Hibernating Myocardium. Severe ischemia with high-grade stenosis may be so slow to “reverse” on Tl-201 imaging that it will not be detected by rest or redistribution images at 3 to 4 hours after stress. Imaging at 24 hours, or a Tl-201 second injection rest study, may be required to detect extreme ischemia secondary to very high-grade stenoses. The Tc-99m-labeled agents are routinely given as two separate injections and there is no significant washout or redistribution. Evidence has shown that rest-injected Tl-201 with delayed imaging is the best SPECT technique for detecting the severe ischemia that leads to a phenomenon known as hibernating myocardium. Hibernating myocardium is important to diagnose as it occurs with high-grade stenoses and simulates infarction by not contracting even at rest. It remains viable, however, because of collateral circulation, and will return to normal function after revascularization (Fig. 56.6). Hibernating myocardium can also be evaluated with PET FDG or contrast-enhanced MRI.

Myocardial infarction produces layers of nonperfused scar tissue which are detected as areas of thin myocardium with
decreased radiotracer uptake at both stress and rest imaging. The extent of an infarct, from subendocardial to transmural, is reflected by the size and degree of the perfusion defect (Fig. 56.7).
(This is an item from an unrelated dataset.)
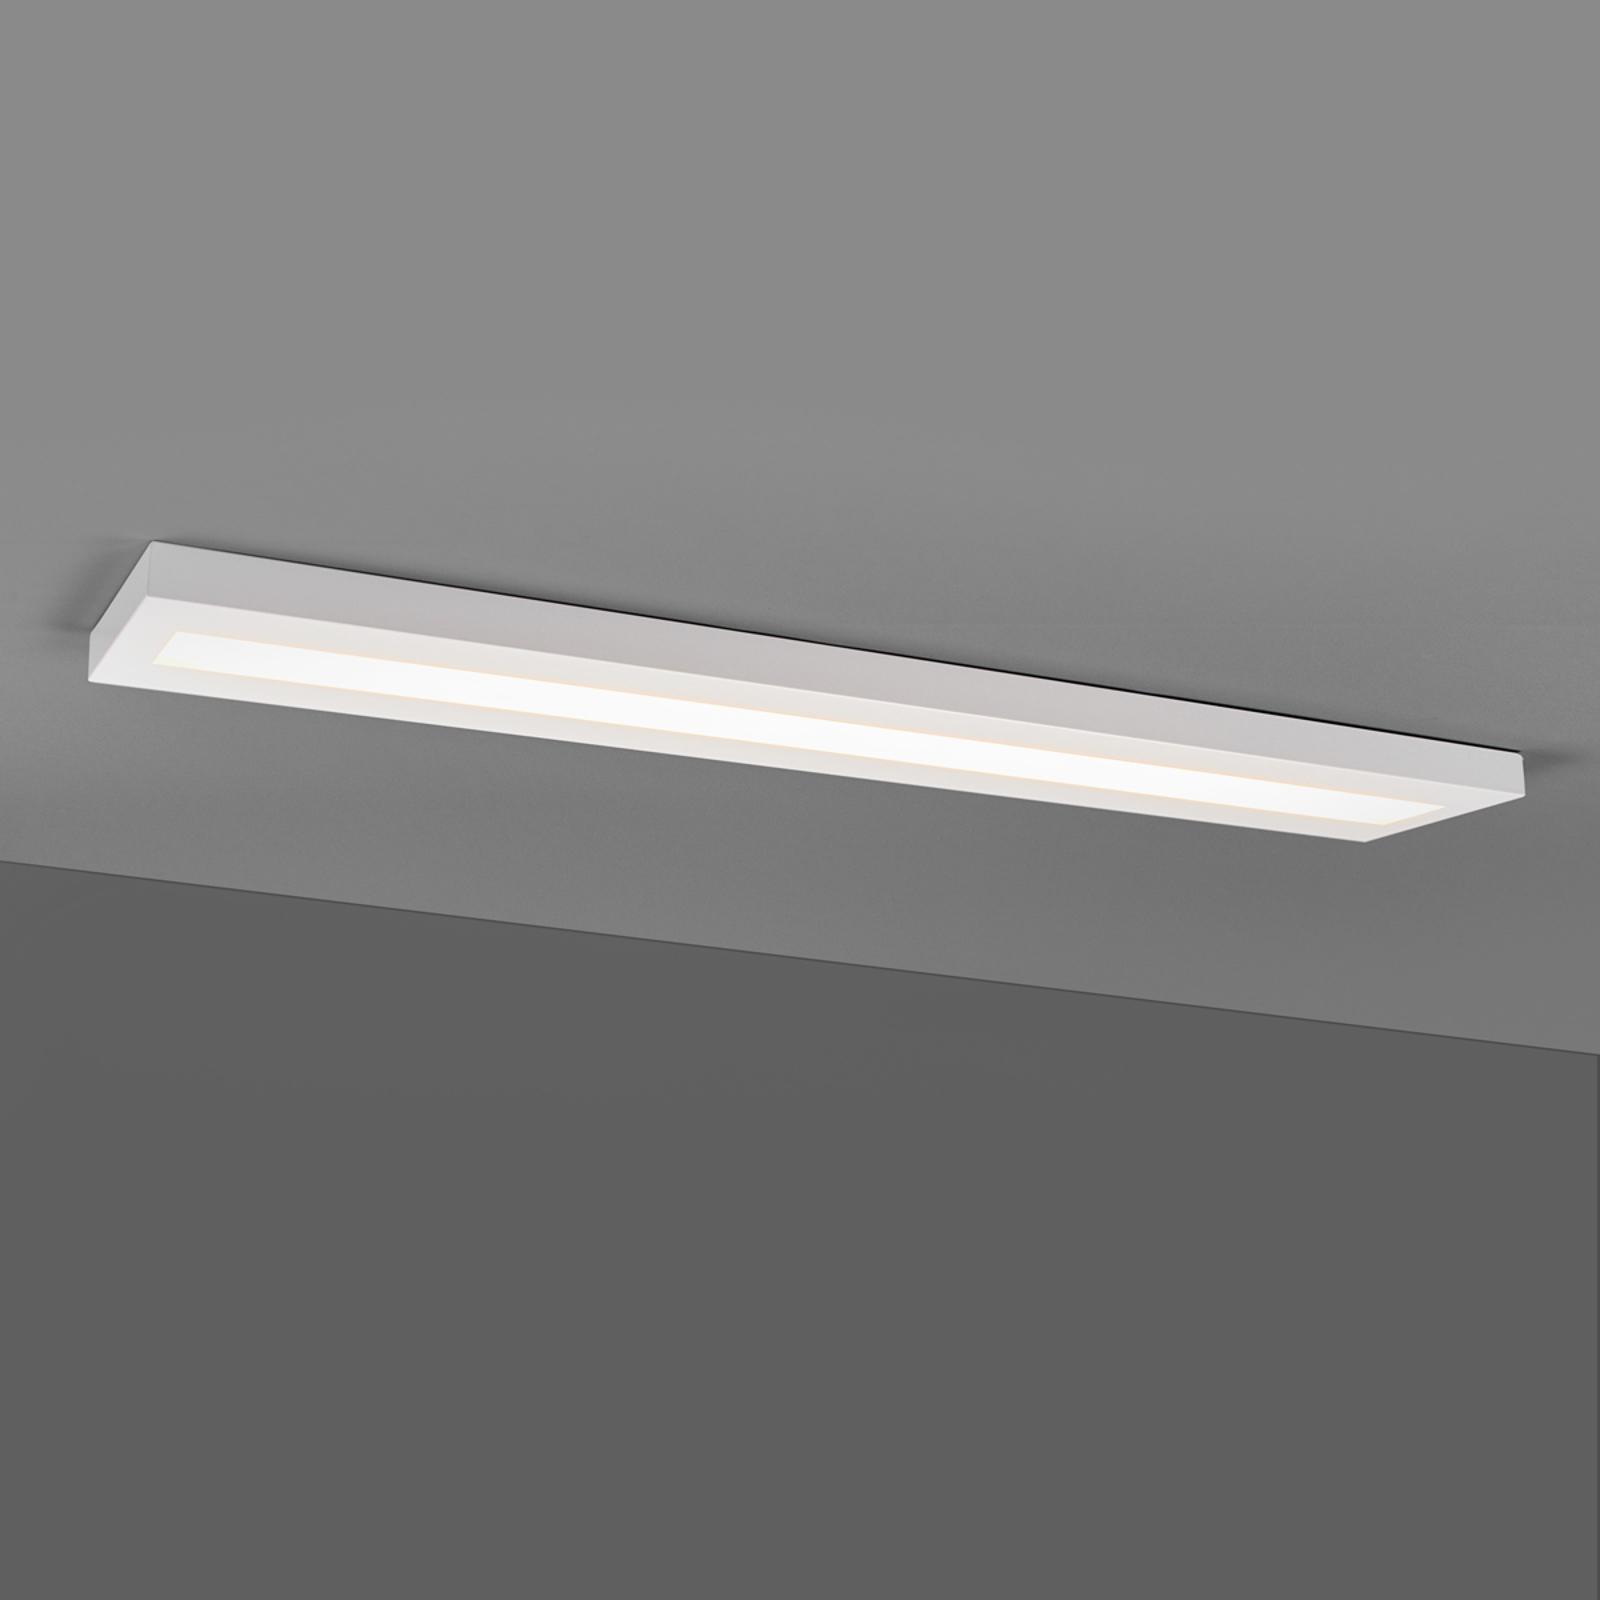 Pitkulainen pinta-asennettava LED-valaisin 36W

Technical artifacts from attenuation of the perfusion agent’s radiation may be produced by breast tissue, arm positioning, and subdiaphragmatic structures. These may appear as fixed defects superimposed on planar or SPECT images. This may lead to a false-positive reading of infarction. A false-positive interpretation of ischemia should not occur as long as the artifact does not change between stress and rest imaging.